Aim of the exercise: Don't include any picture when you restate the data word for word.

Data:
-------------------------
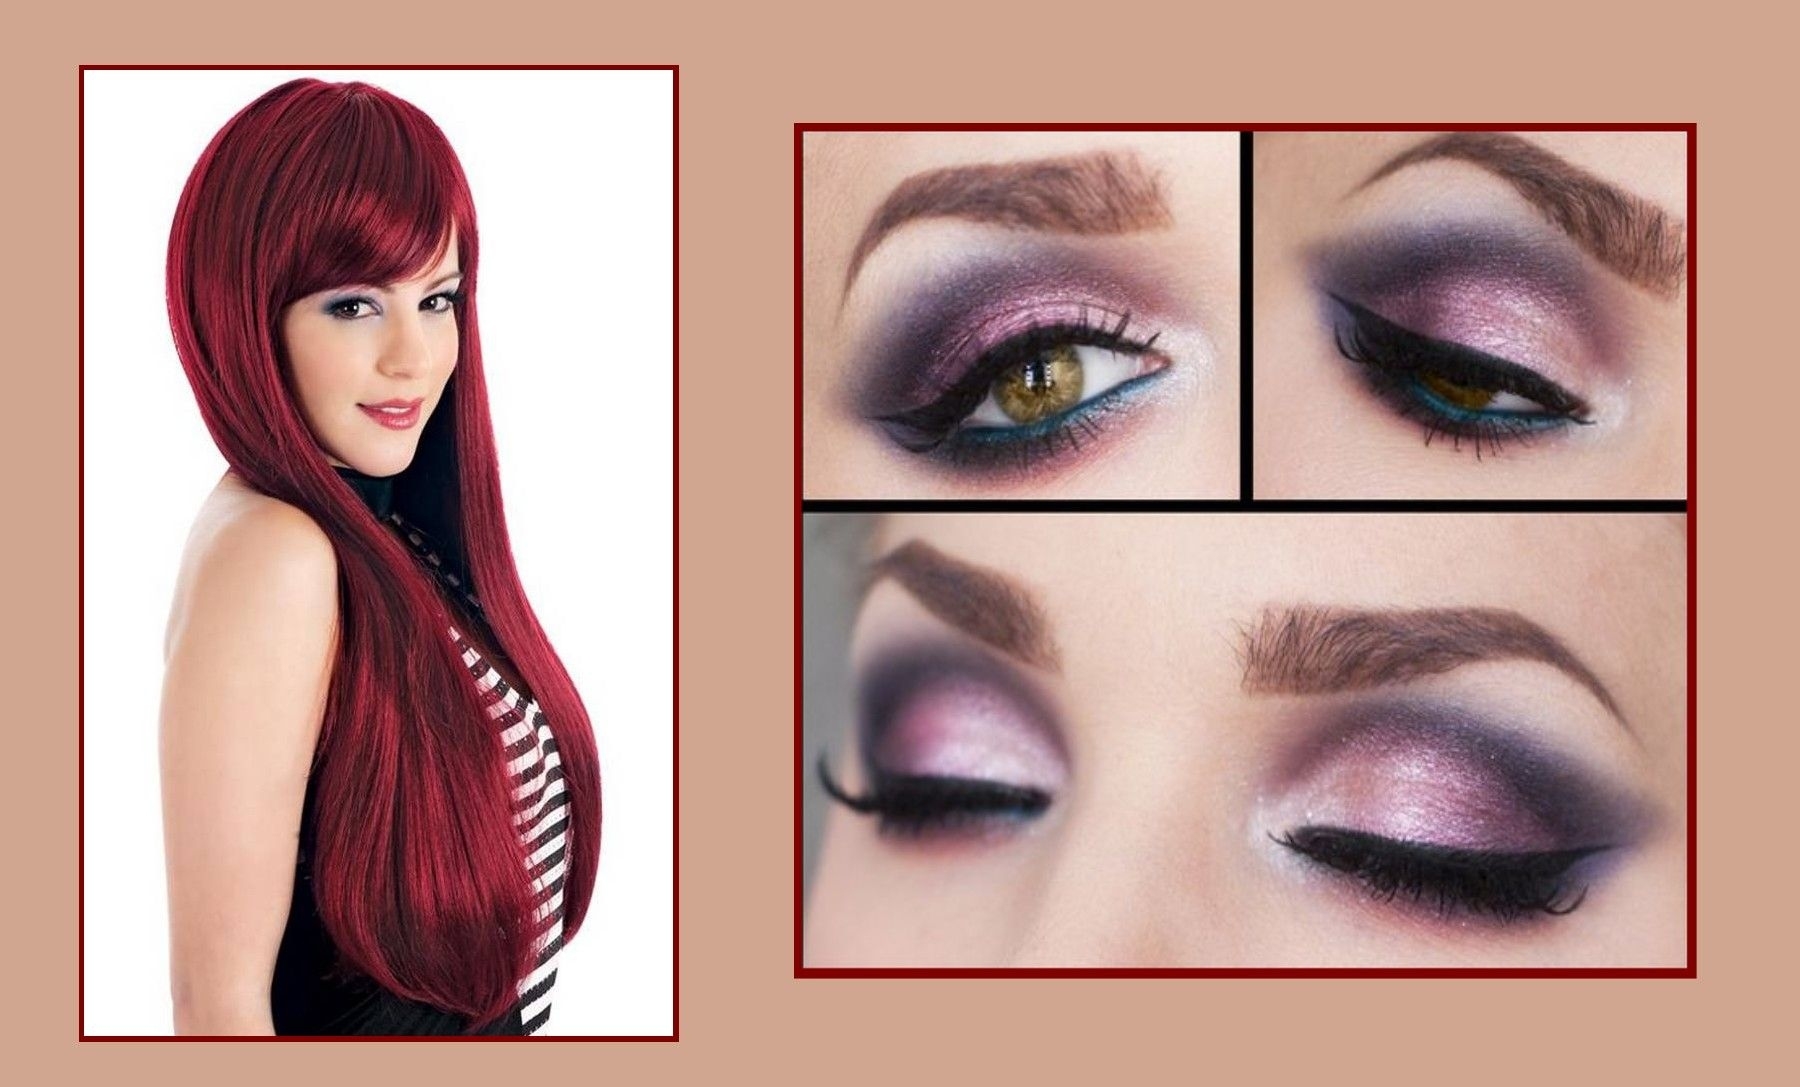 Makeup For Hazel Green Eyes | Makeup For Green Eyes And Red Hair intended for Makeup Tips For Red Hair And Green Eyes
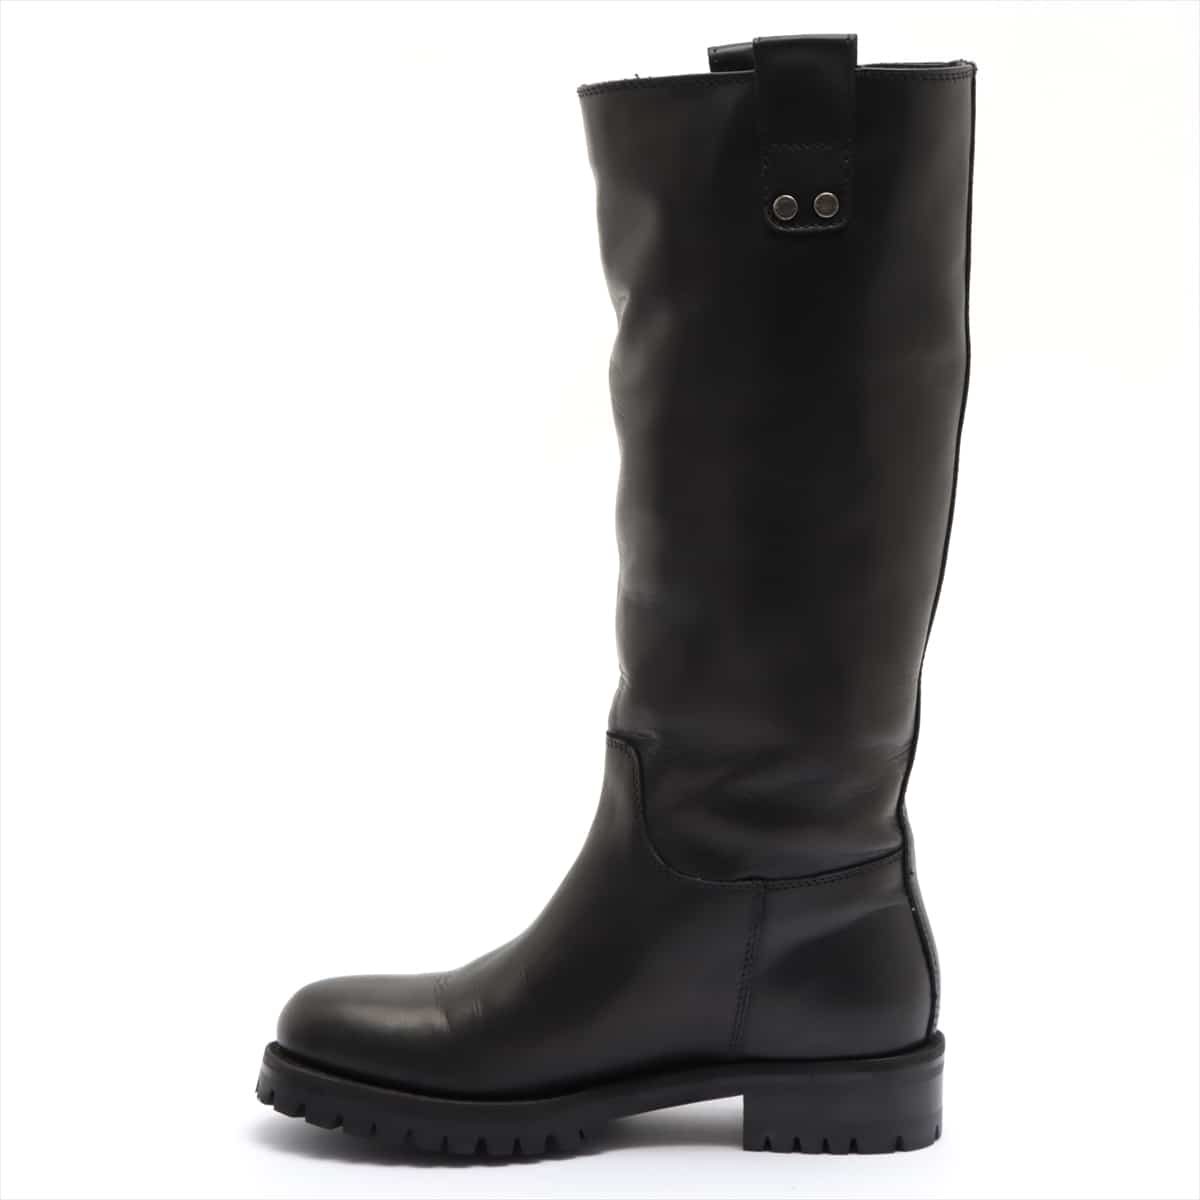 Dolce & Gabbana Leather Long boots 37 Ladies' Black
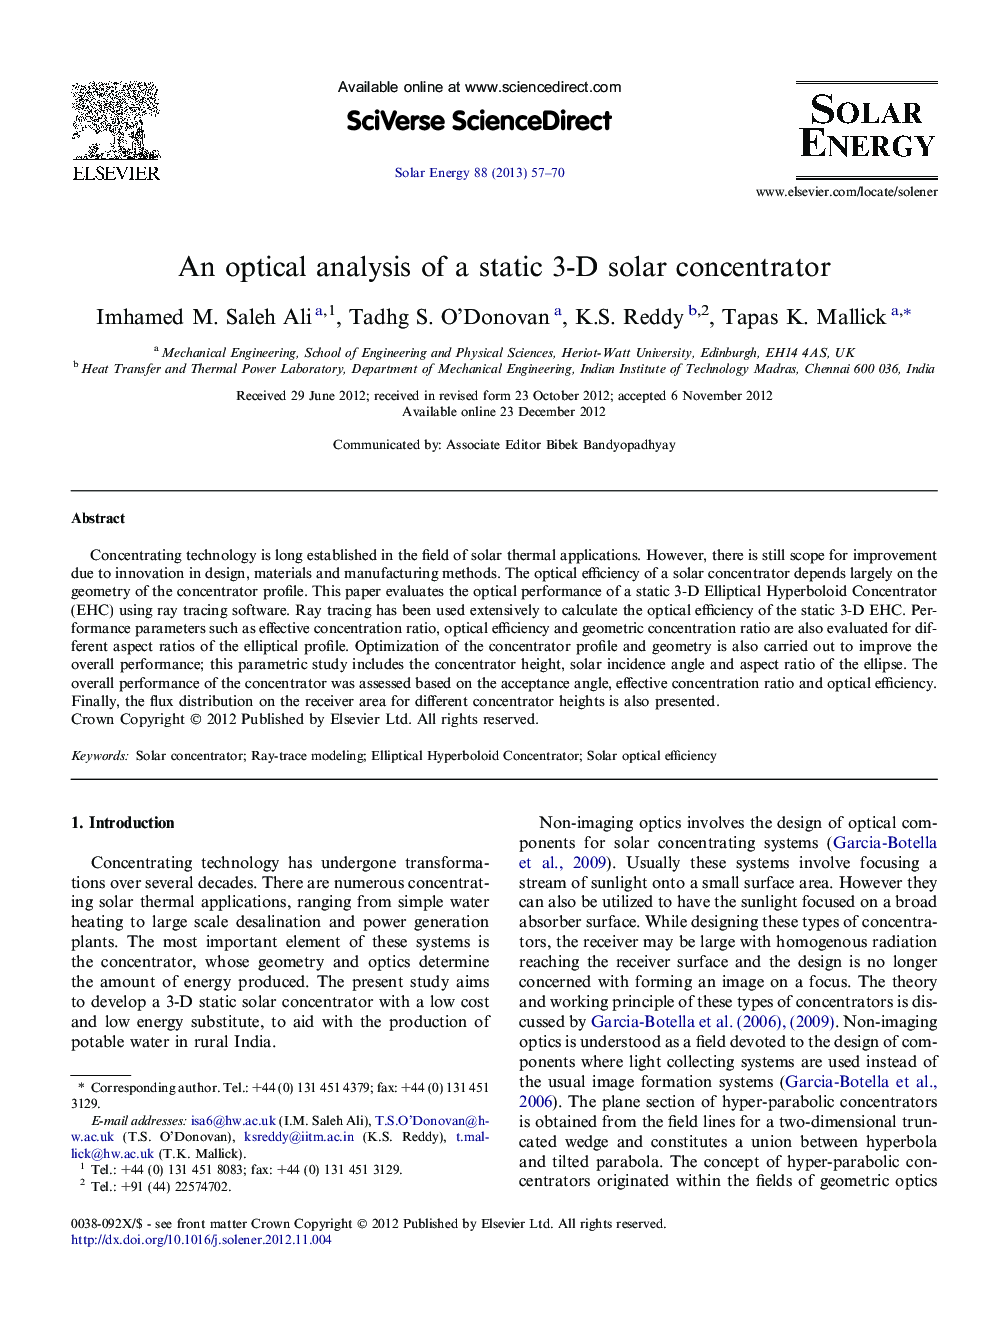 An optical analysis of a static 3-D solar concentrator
-------------------------
Solution for this exercise:
 Makeup For Hazel Green Eyes | Makeup For Green Eyes And Red Hair intended for Makeup Tips For Red Hair And Green Eyes
 Dolce & Gabbana Leather Long boots 37 Ladies' Black
 An optical analysis of a static 3-D solar concentrator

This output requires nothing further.